While near the Chrome Mill, CO Lord found that she had to shout when speaking to Mr. Balka, who was an arm’s length away. (Tr. 37). In her experience, this generally indicated a noise level over 85 decibels (dBA). (Tr. 37). She noticed the operator of the Chrome Mill wearing music-type headphones and was not using earplugs. (Tr. 38). She noted that Home Rubber did not require its employees to use hearing protection in the Chrome Mill room; Mill Three was the only area that required the use of hearing protection. (Tr. 38)

On her June 2 visit, CO Lord conducted audiometric testing for the operators of the Chrome Mill and Mill Three. (Tr. 96; Ex. 29, p. 1). The employee operating the Chrome Mill wore a dosimeter for 406 minutes that day. (Tr. 95-96; Ex. P-29, pp. 1, 6). The employee operating Mill Three wore a dosimeter for 480 minutes. (Tr. 95-96; Ex. P-29, pp. 1, 8). The results showed that Mill Three operator had an exposure level at 91.8 dBA and that the Chrome Mill operator had an exposure level at 89.5 dBA. (Tr. 98-99; Ex. P-29, p. 3).

  The CO observed significant dust accumulation on both her May 16 and June 2 visit to Home Rubber’s factory. (Tr. 30, 33, 36; Exs. P-6, P-7). She could see dust buildup on the walls, floors, machines, plastic curtains, and machine canopies. (Tr. 33-34, 36). The chemical safety data sheets provided by Mr. Balka showed some of the chemicals used in the rubber compounds were either explosive or combustible in nature. (Tr. 35). The CO collected a dust sample and sent to it to OSHA’s Salt Lake Technical Center (SLTC) to test for combustibility and explosibility. (Tr. 27, 221-22). The results of the SLTC’s testing showed the dust had explosive properties. (Tr. 28-29, 243; Ex. P-39).
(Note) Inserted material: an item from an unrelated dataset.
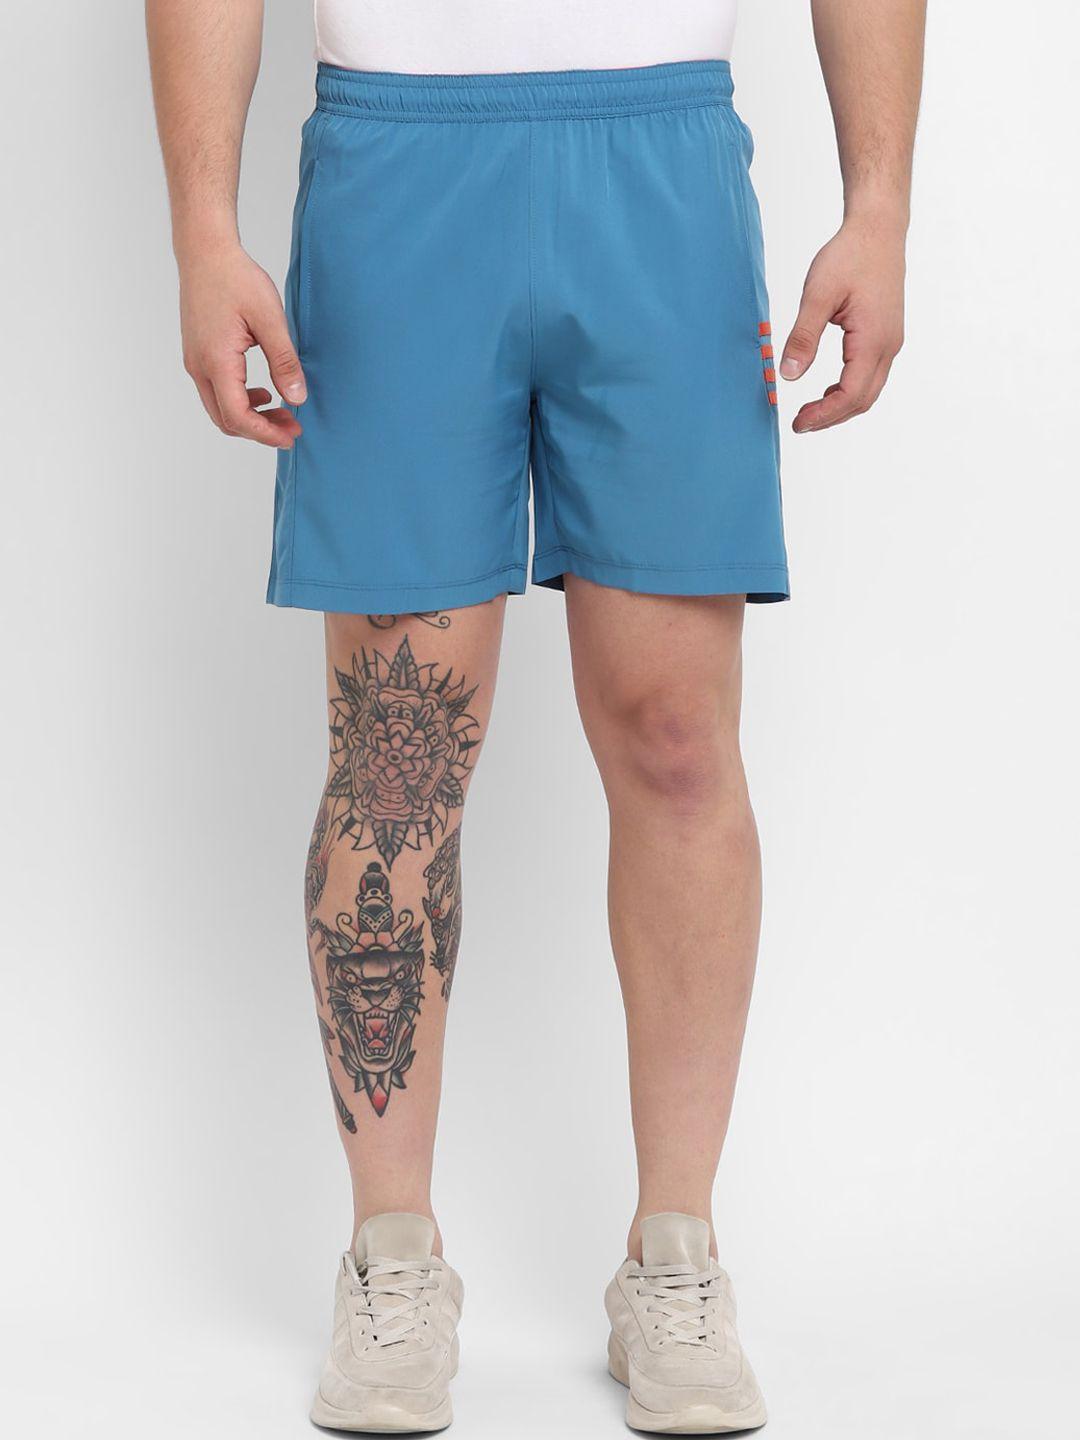 off limits men sports shorts with antimicrobial technology

Home Rubbers 1999 noise audit

In 1999, safety and compliance manager Zigler asked the state of New Jersey to conduct a voluntary noise audit. Three areas were tested for excessive noise levels. The results showed a noise level at Mill Three that required an operator to use hearing protection.4 (Tr. 40-41, 349; Ex. P-30, p. 12). The states testing report explicitly stated that OSHA’s requirements at 29 CFR § 1910.95 (occupational noise exposure) must be followed and the report stated that annual and baseline audiograms were required for Mill Three operators and must be documented. Id. Further, the report stated that a copy of OSHA’s noise standards was provided to Home Rubber during the audit. (Ex. P-30, p. 13). For a few years after the 1999 audit, Home Rubber provided audiograms and hearing protection for any employee that worked at Mill Three. (Tr. 349). The Chrome Mill was added to the production floor in 2007 so it was not evaluated during the audit. (Tr. 342-43, 354-55).
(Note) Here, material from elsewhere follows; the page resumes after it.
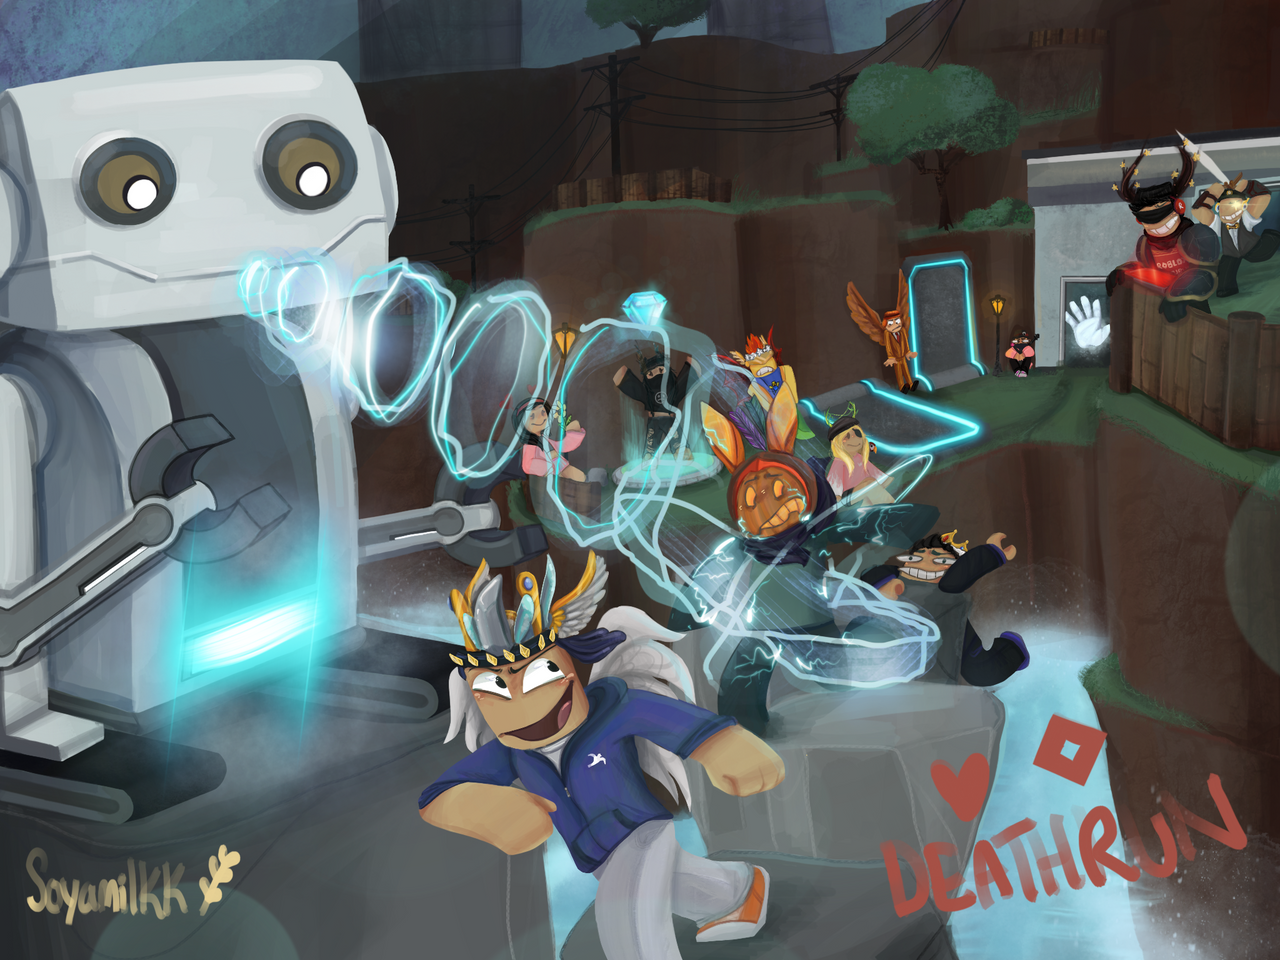 Roblox Deathrun Fanart Electricity Outpost By Soyyedmilk On Deviantart - roblox deathrun roblox

To establish a violation of an OSHA standard, the Secretary must prove that: (1) the cited standard applies; (2) the terms of the standard were violated; (3) one or more employees had access to the cited condition; and (4) the employer knew, or with the exercise of reasonable diligence could have known, of the violative condition. Astra Pharm. Prods., Inc., 9 BNA OSHC 2126, 2129 (No. 78-6247, 1981), aff’d in relevant part, 681 F.2d 69 (1st Cir. 1982).


Applicability — All citation items

  Home Rubber used chemicals, forklifts, mill machines, and electrical equipment in its rubber production. Home Rubber was cited for safety violations related to housekeeping, noise, injury reporting, electrical, forklifts, compressed air settings, bloodborne pathogens (exposure control), and hazard communications. I find the standards cited are applicable to Home Rubber and this element of the Secretary’s case is proved.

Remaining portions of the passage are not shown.